*** Begin section ***

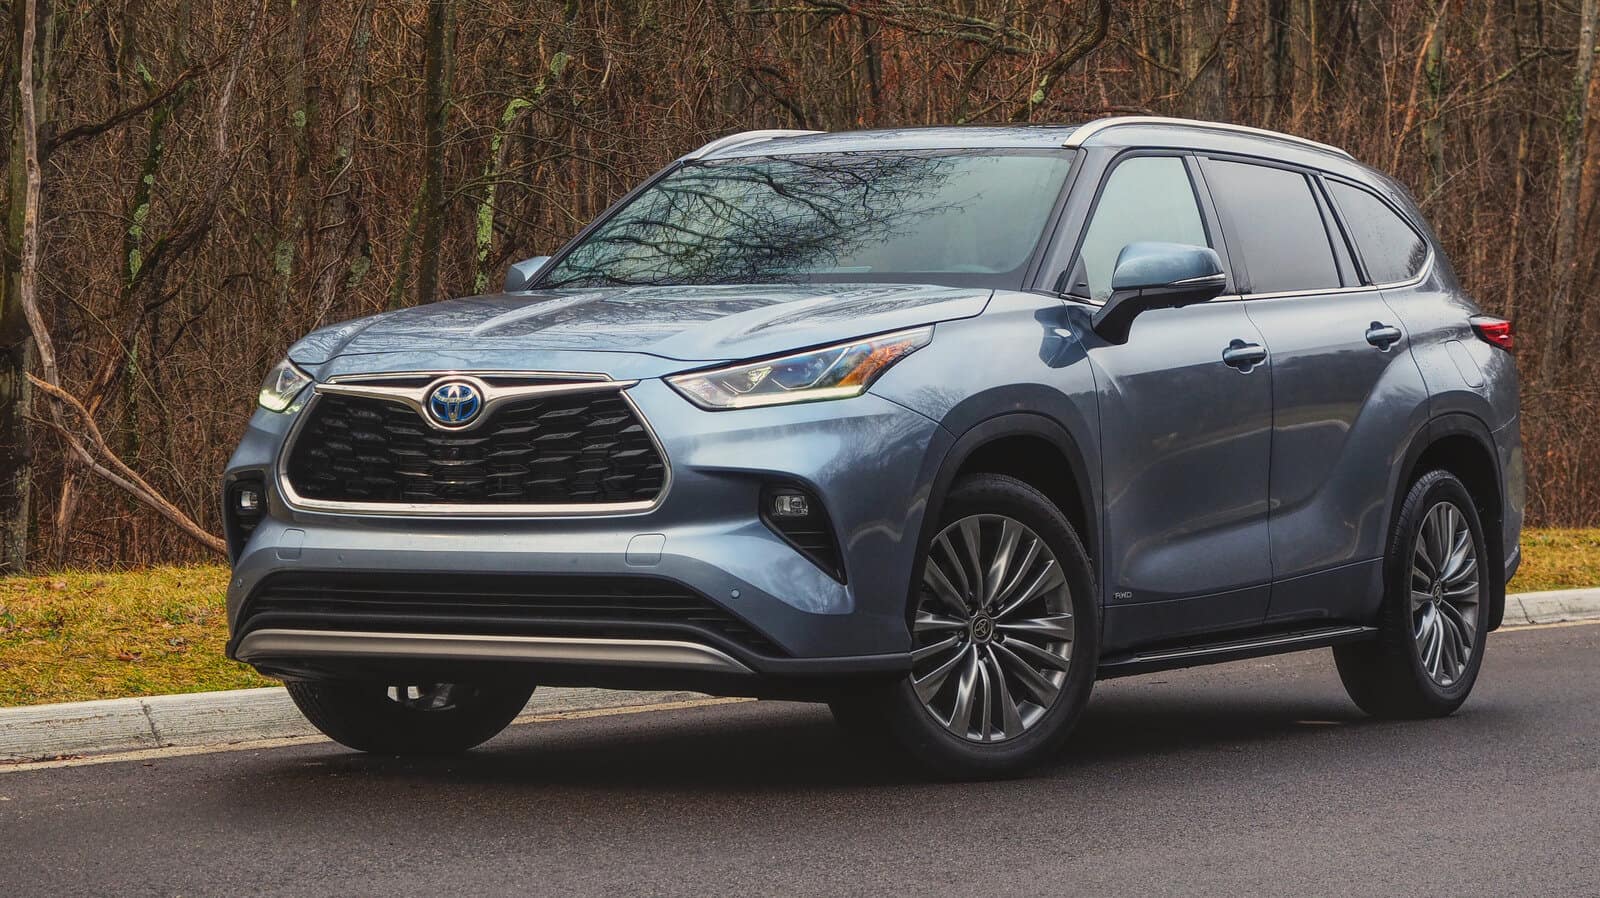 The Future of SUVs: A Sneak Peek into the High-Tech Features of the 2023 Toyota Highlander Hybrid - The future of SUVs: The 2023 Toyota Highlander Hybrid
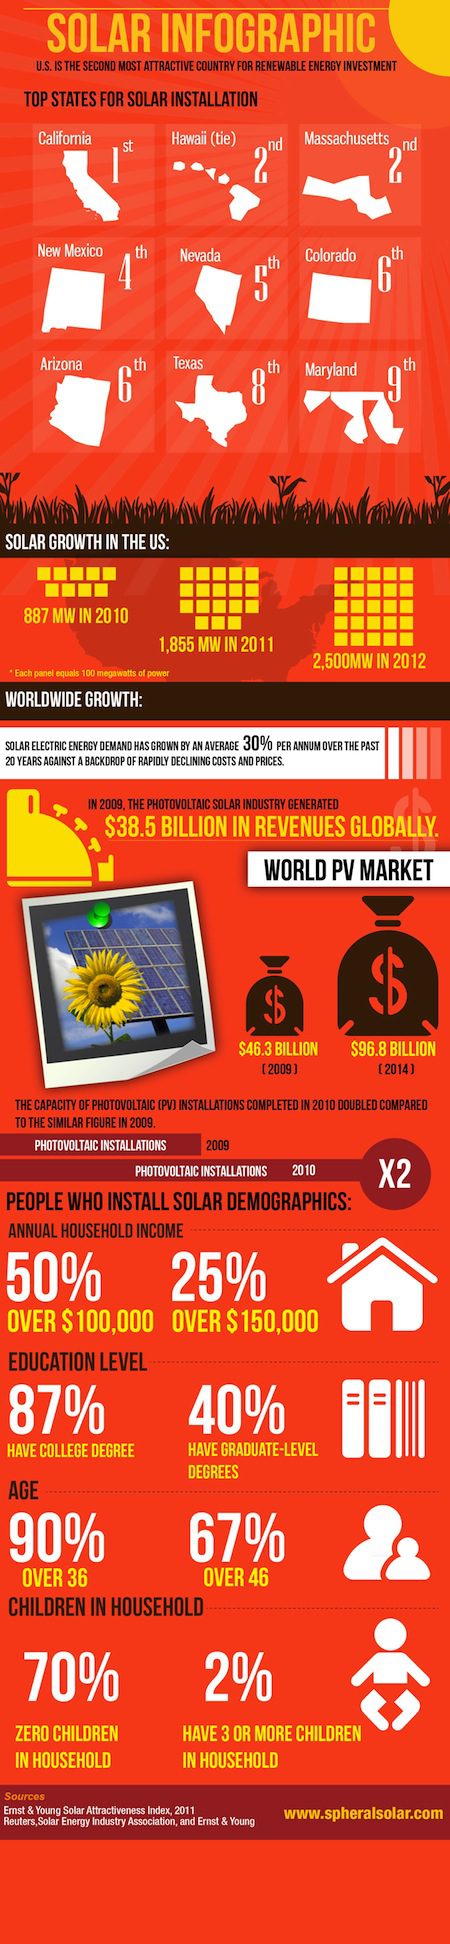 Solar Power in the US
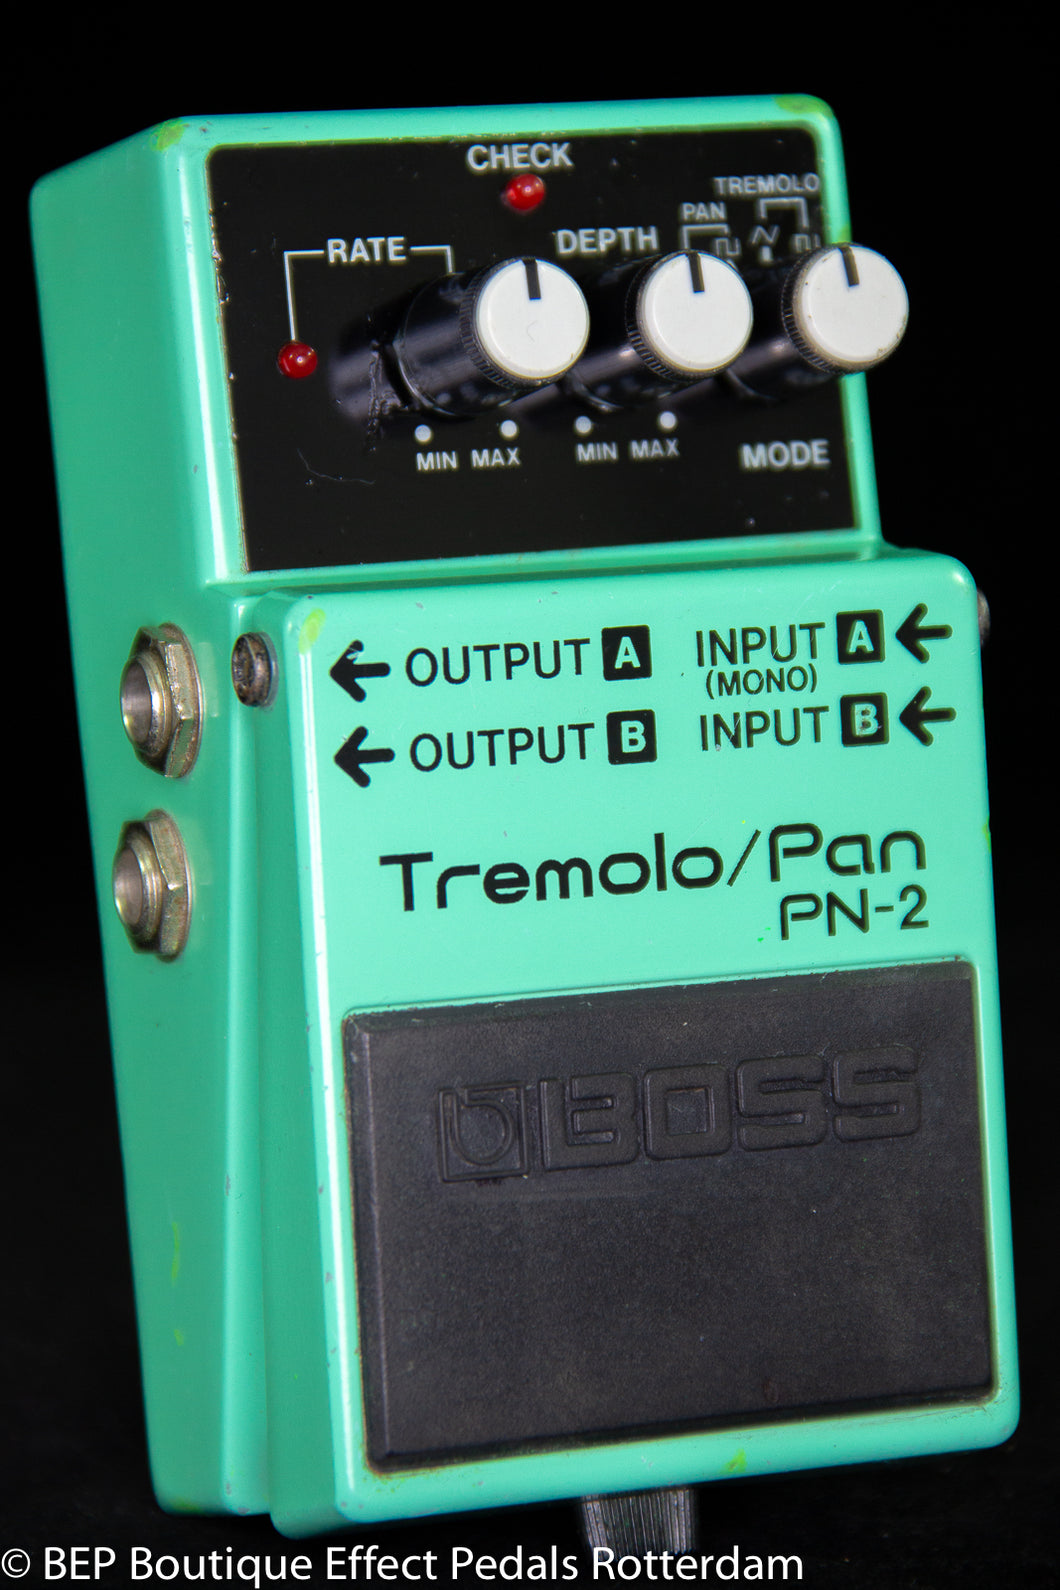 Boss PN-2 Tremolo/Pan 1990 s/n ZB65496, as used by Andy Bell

*** End section ***
*** Begin section ***

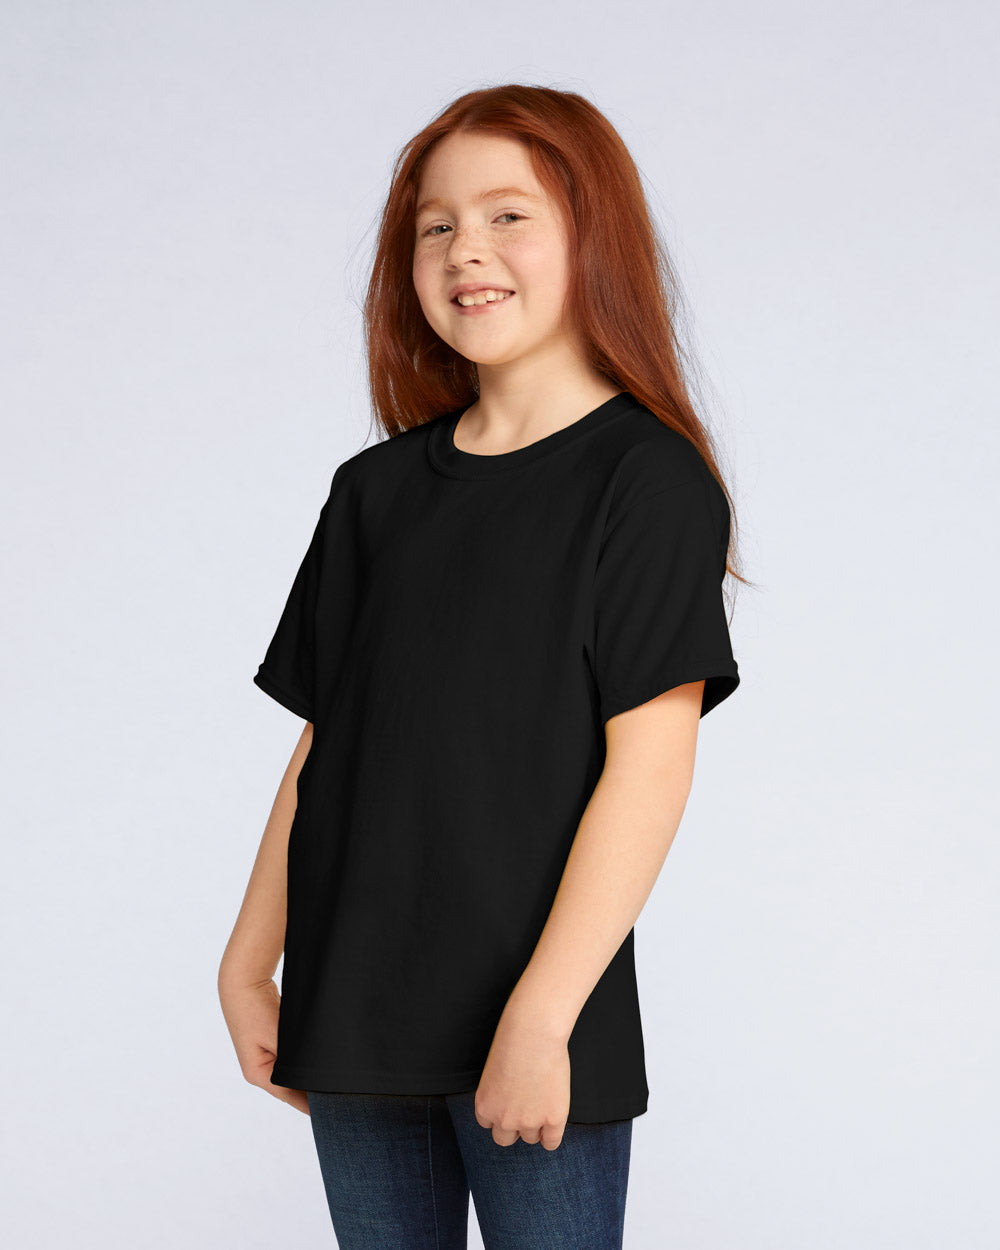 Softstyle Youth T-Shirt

*** End section ***

> PROBLEM DETAILS
Starting at the line containing "The Future of SUVs: A" and stopping at the line containing "Boss PN-2 Tremolo/Pan", output each line exactly as it appears above. Leave out the pictures.

> ANSWER AREA
 The Future of SUVs: A Sneak Peek into the High-Tech Features of the 2023 Toyota Highlander Hybrid - The future of SUVs: The 2023 Toyota Highlander Hybrid
 Solar Power in the US
 Boss PN-2 Tremolo/Pan 1990 s/n ZB65496, as used by Andy Bell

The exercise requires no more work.